In November 1985 Olin received a draft Compliance Order from LADEQ regarding remediation of the groundwater contamination at the site. A formal Compliance Order followed on July 7, 1986 requiring Olin to take remedial measures with respect to the groundwater contamination and to develop and implement more extensive monitoring measures. On July 28, 1986 Olin filed a Motion and Request for Hearing with LADEQ challenging the Compliance Order. On July 29, 1986 Olin entered into a Settlement Agreement with LADEQ in which Olin agreed to undertake the investigation and remediation of ground and surface water contamination at or near the Lake Charles site.

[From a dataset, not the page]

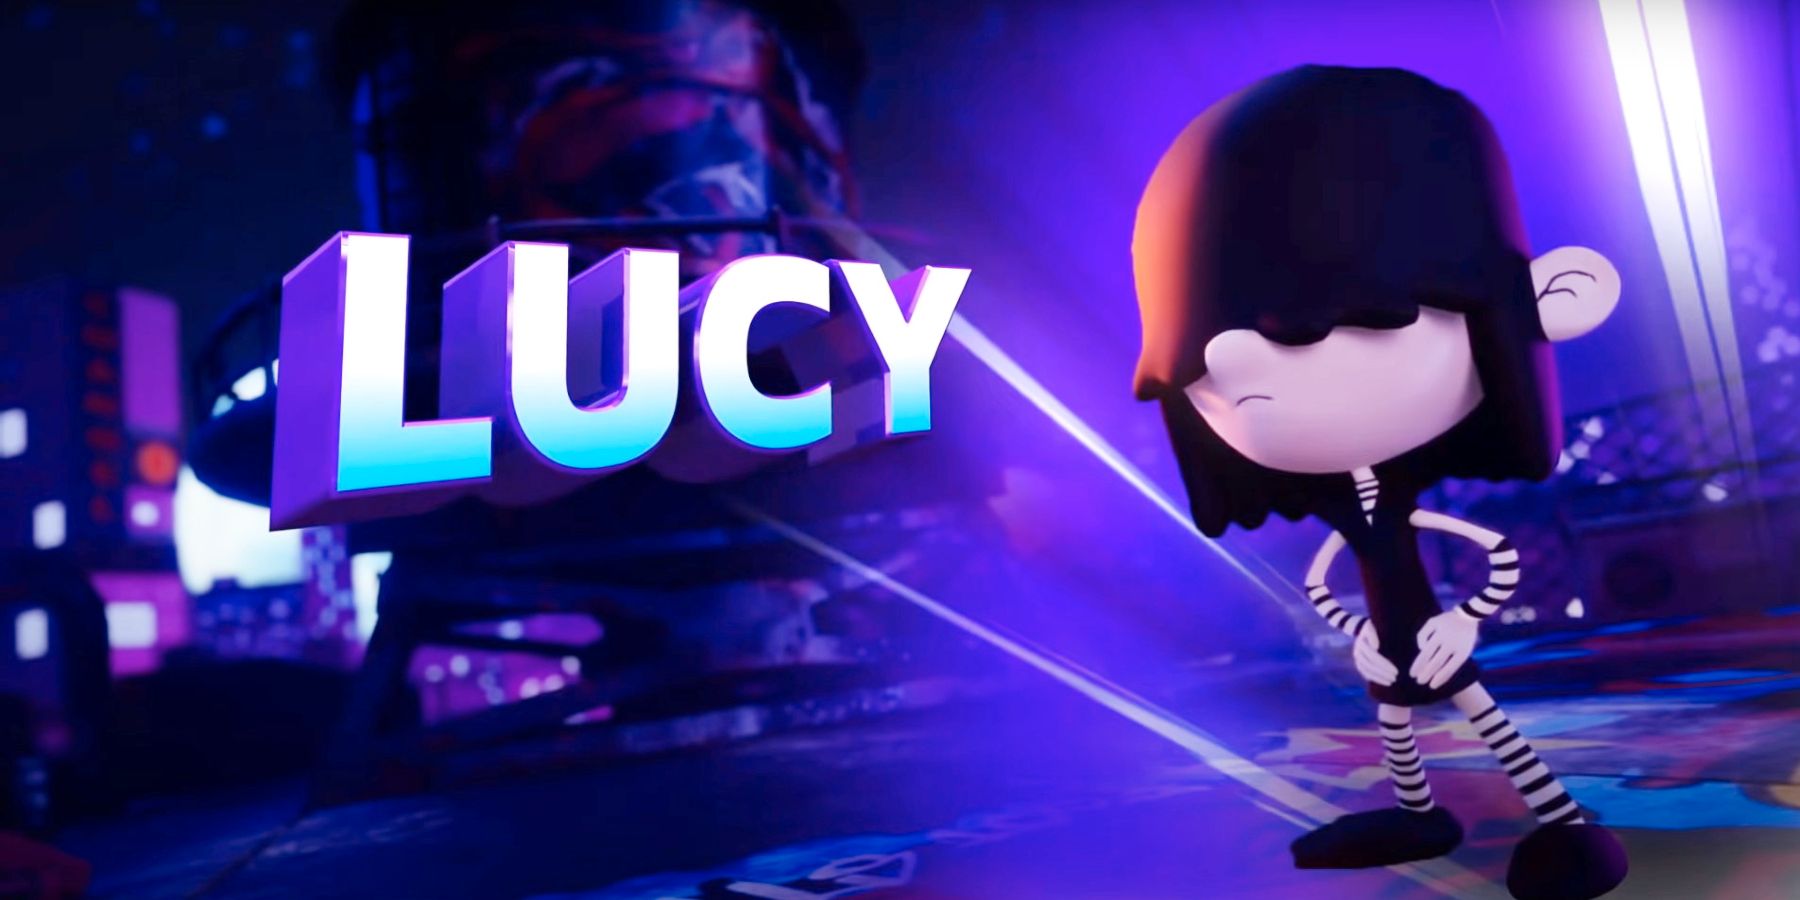 Nickelodeon 올스타 난투 게임 플레이 개요는 Lucy Loud에 관한 것입니다
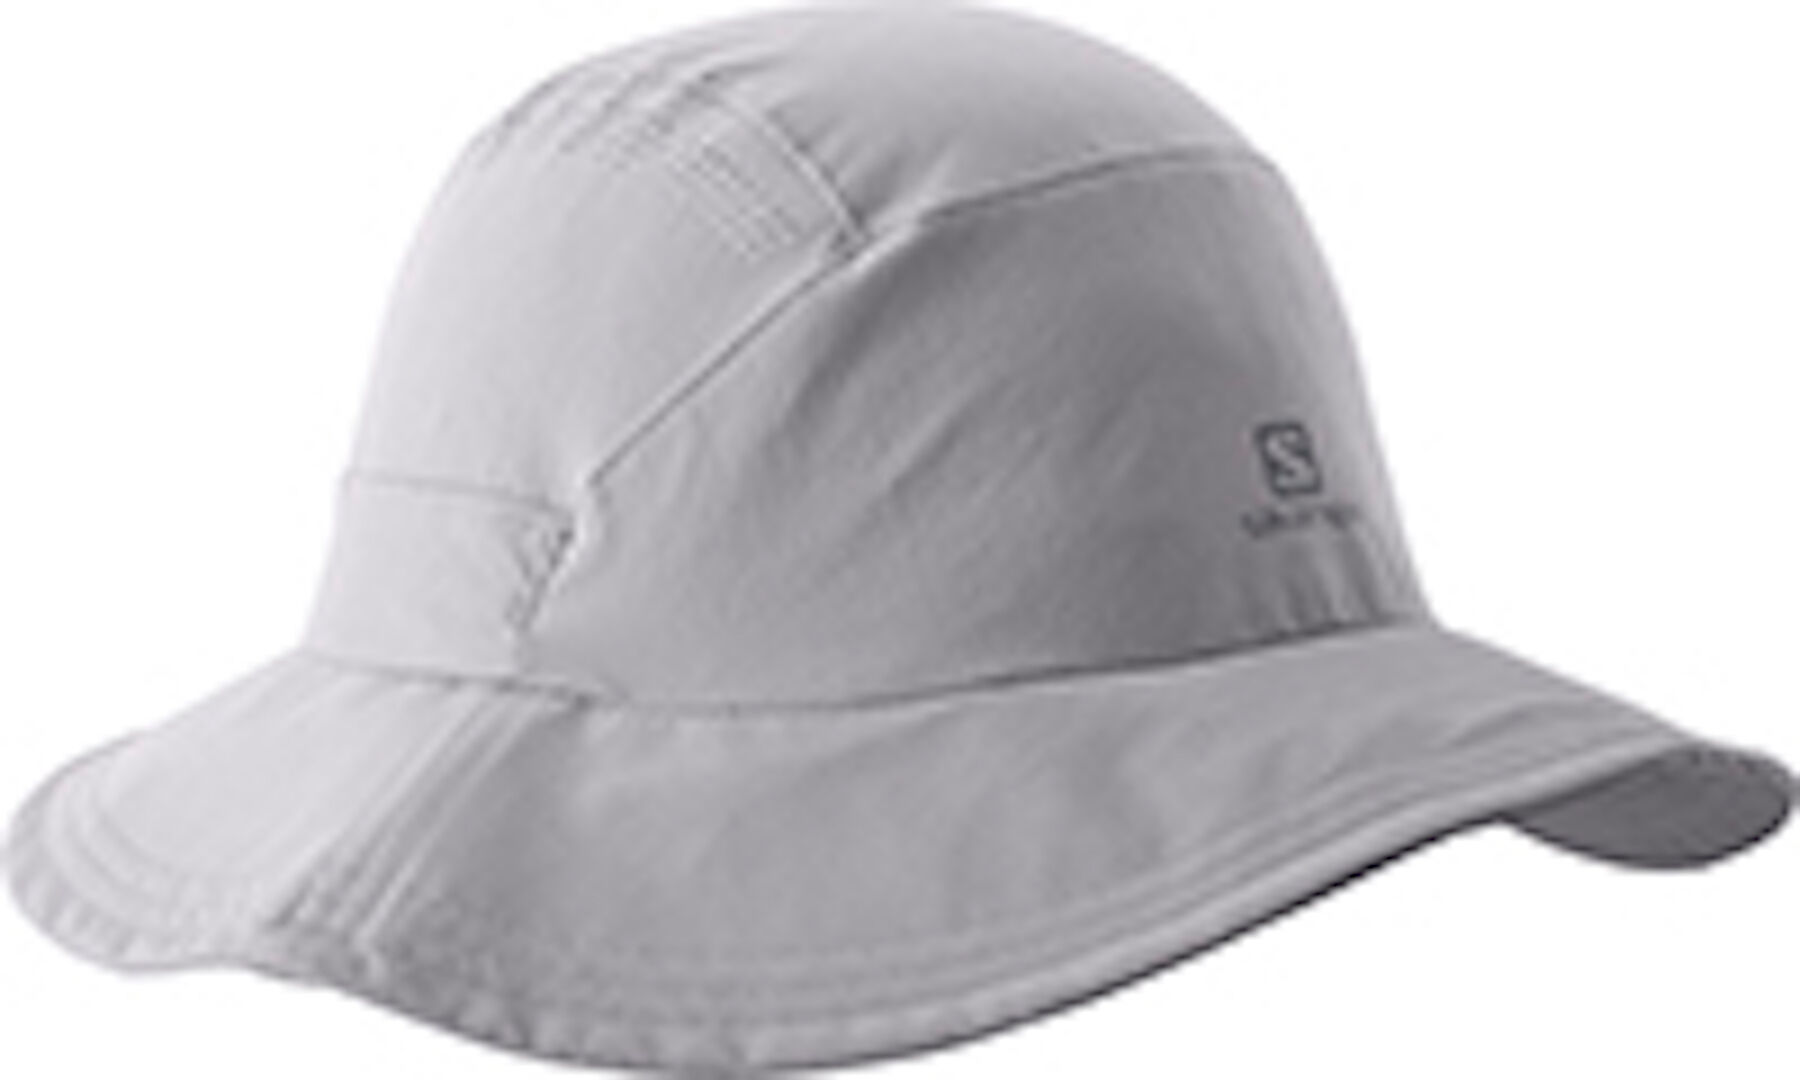 Salomon Mountain Hat - Hat

By January 1987 Olin had prepared various remediation plans, including one in which Olin estimated a cost of $7,000,000 to close two on-site disposal ponds at the Lake Charles site.
On September 15, 1988 Olin, through its broker Johnson & Higgins, provided insurers with a notice of claim relating to the groundwater contamination at the Lake Charles site. In the notice Olin estimated that the total clean-up cost of this site would be $16,934,000, of which Olin had incurred $13,000,000, and that outside legal fees would total $32,000, of which $32,000 had been incurred.
Insurance Policy Notice Provisions

Insurance Company of North America (INA)

INA provided Olin's primary layer of comprehensive general liability coverage for policy periods from the 1950's (the exact year is apparently in dispute) until January 1, 1974. INA policy XCP 1049, which was in effect from June 1, 1955 to January 1, 1960, provided:

H. Notice of Occurrence or Accident
Upon the happening of an occurrence or an accident written notice shall be given by or on behalf of the insured to the company or any of its authorized agents as soon as practicable.
I. Notice of Claim or Suit
If claim is made or suit is brought against the insured, the insured shall immediately forward to the company every demand, notice, summons or other process received by the insured or the insured's representatives.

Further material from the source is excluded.